> What is required:
Please repeat the data below exactly, with the pictures removed.

> Recorded data:
==*==

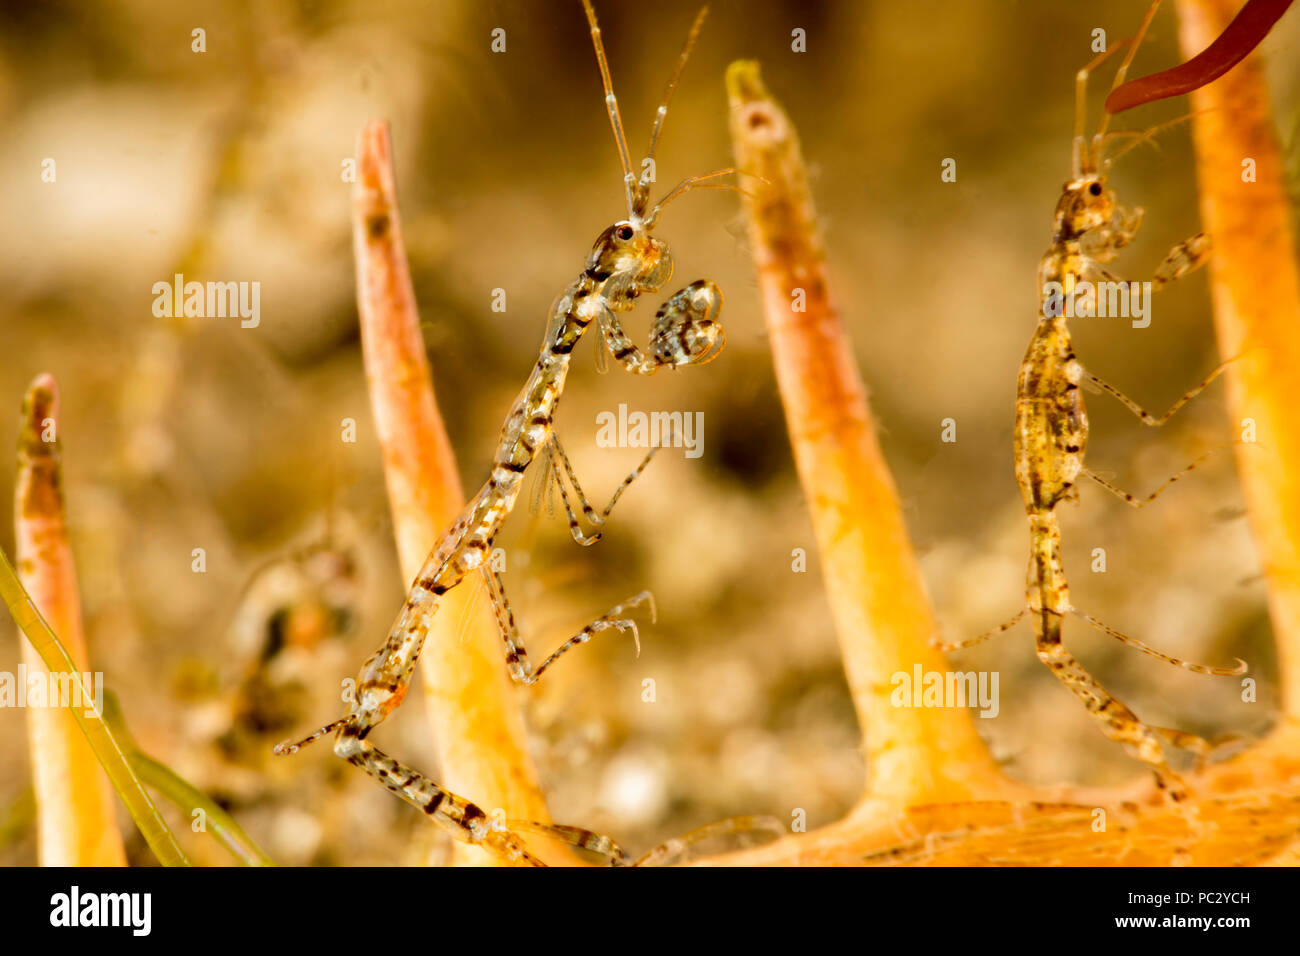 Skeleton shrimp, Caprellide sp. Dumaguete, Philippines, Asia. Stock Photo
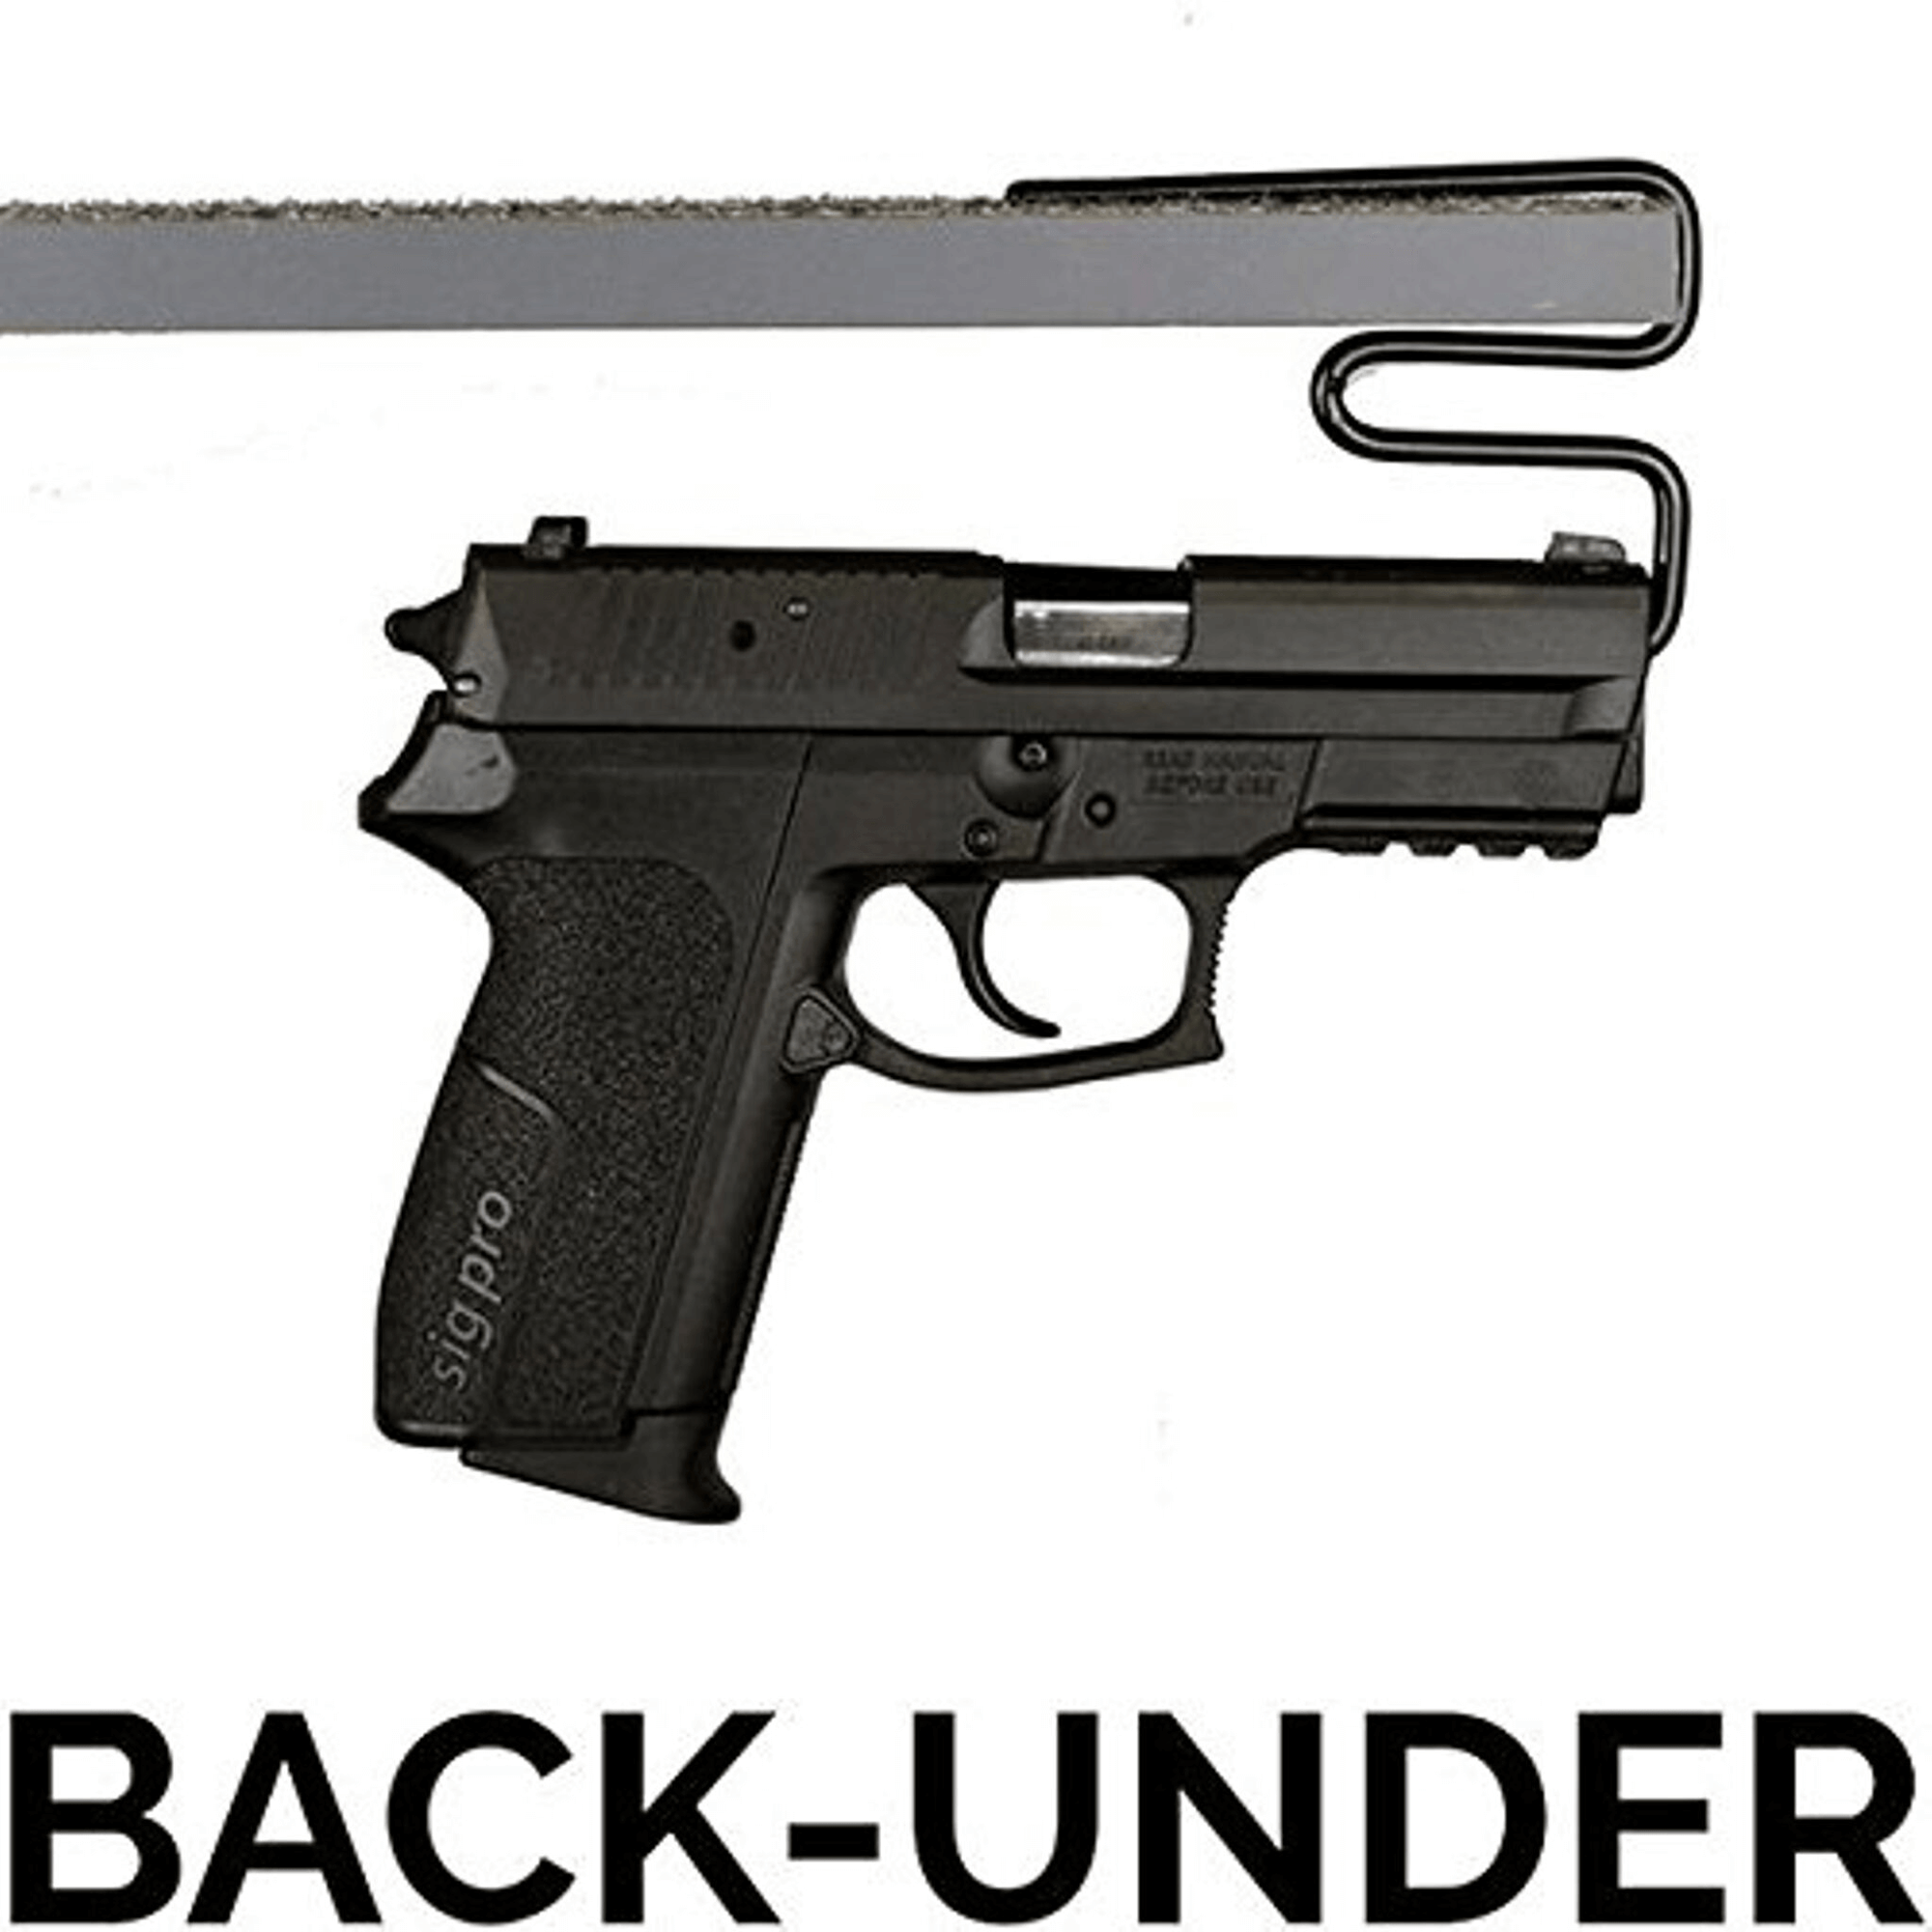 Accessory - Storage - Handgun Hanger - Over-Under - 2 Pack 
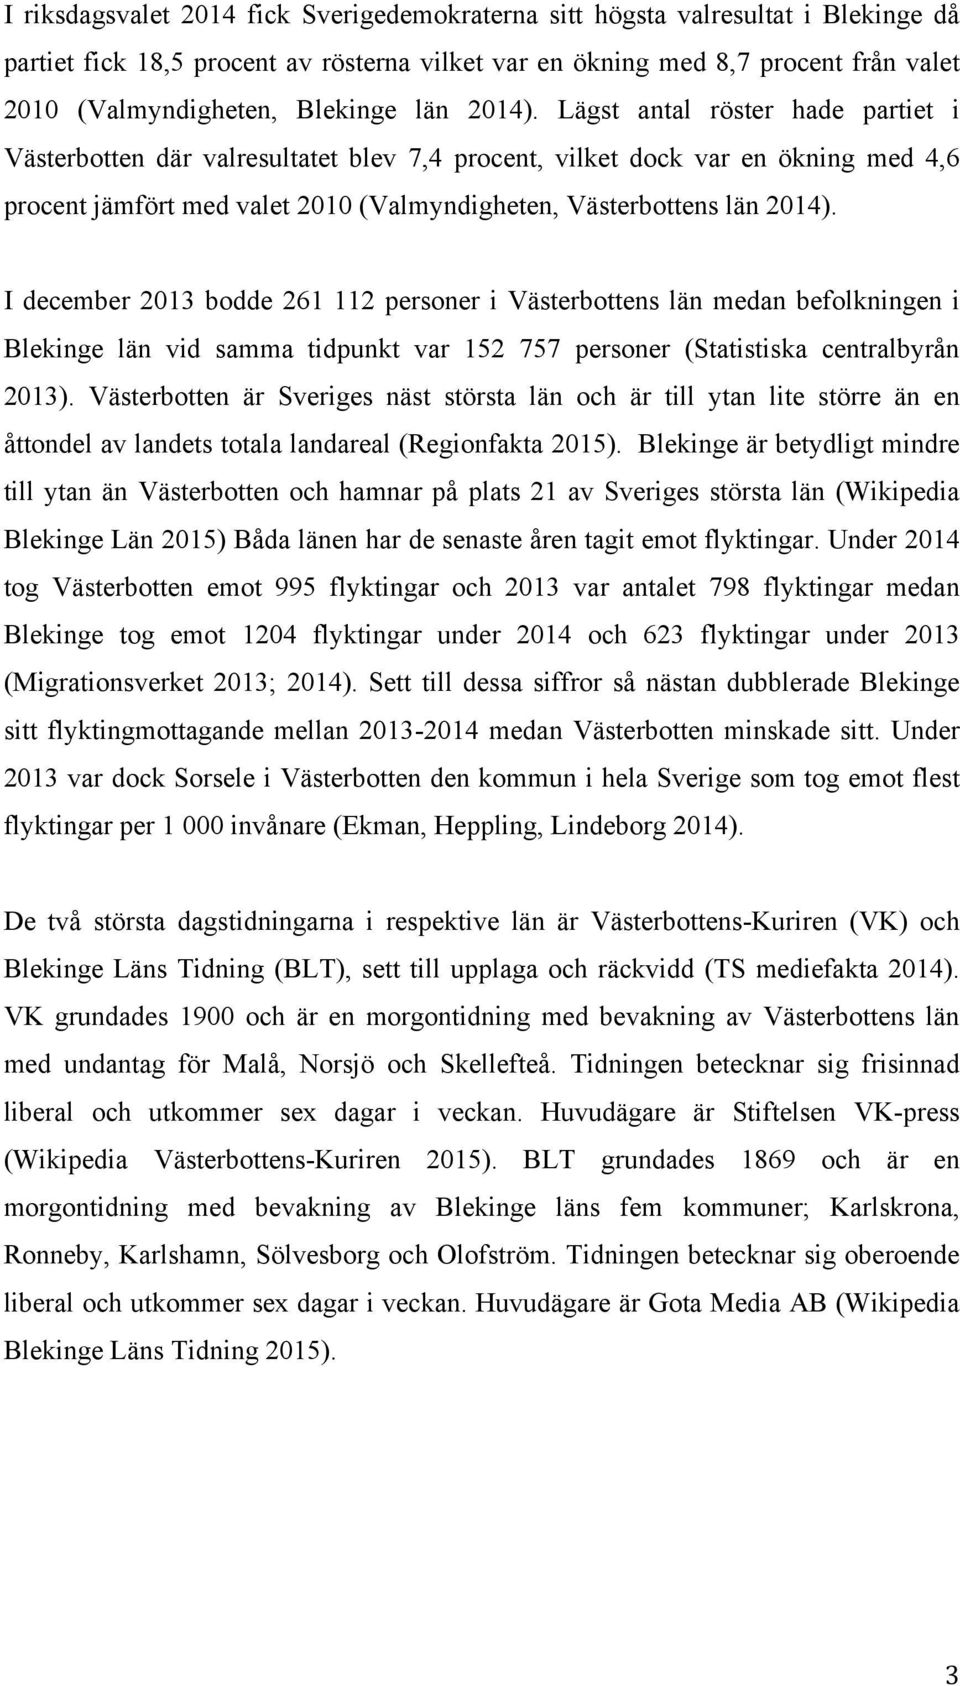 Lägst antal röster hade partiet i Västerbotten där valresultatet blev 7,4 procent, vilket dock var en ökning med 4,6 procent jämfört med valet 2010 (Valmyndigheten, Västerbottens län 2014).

==*==

> Solution for this task:
 Skeleton shrimp, Caprellide sp. Dumaguete, Philippines, Asia. Stock Photo
 Accessory - Storage - Handgun Hanger - Over-Under - 2 Pack 
 Lägst antal röster hade partiet i Västerbotten där valresultatet blev 7,4 procent, vilket dock var en ökning med 4,6 procent jämfört med valet 2010 (Valmyndigheten, Västerbottens län 2014).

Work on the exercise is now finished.